TASK STATEMENT – Among the lines of the records below, copy those that hold the word "Pink".

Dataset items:
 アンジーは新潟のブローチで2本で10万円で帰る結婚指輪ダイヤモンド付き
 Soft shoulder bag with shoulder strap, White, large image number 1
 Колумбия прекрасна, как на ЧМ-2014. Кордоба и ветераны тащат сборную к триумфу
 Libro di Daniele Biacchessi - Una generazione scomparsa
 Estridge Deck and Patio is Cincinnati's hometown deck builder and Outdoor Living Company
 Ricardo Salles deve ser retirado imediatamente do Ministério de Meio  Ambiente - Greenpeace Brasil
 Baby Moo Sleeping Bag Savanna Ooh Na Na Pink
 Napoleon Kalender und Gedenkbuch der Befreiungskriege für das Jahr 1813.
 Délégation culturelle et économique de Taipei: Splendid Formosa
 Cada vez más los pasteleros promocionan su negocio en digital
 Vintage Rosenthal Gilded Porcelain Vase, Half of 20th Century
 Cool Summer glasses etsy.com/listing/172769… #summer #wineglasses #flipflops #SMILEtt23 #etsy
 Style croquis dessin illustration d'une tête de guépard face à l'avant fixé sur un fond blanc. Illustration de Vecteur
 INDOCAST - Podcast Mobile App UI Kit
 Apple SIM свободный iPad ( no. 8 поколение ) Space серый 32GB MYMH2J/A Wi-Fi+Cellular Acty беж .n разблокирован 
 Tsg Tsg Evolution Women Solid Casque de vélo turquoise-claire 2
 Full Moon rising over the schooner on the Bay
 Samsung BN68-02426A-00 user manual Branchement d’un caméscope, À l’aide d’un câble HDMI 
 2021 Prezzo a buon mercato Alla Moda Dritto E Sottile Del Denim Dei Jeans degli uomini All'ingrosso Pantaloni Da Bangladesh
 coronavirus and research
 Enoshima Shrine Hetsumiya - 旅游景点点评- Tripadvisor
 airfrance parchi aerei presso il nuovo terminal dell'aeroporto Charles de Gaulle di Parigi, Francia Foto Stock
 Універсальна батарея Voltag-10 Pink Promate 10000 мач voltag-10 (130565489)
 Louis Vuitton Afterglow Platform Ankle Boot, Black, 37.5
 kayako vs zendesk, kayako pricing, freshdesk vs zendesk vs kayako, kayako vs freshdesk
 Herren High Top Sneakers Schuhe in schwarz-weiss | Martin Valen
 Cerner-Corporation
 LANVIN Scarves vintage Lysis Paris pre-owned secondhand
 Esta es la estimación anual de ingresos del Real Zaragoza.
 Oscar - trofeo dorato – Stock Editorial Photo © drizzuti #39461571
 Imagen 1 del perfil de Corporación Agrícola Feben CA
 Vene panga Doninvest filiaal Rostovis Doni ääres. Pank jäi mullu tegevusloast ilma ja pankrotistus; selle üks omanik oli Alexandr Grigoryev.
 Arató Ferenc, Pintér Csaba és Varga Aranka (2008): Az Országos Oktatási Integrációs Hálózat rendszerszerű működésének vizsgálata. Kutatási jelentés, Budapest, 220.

ANSWER TO THIS EXERCISE –
 Baby Moo Sleeping Bag Savanna Ooh Na Na Pink
 Універсальна батарея Voltag-10 Pink Promate 10000 мач voltag-10 (130565489)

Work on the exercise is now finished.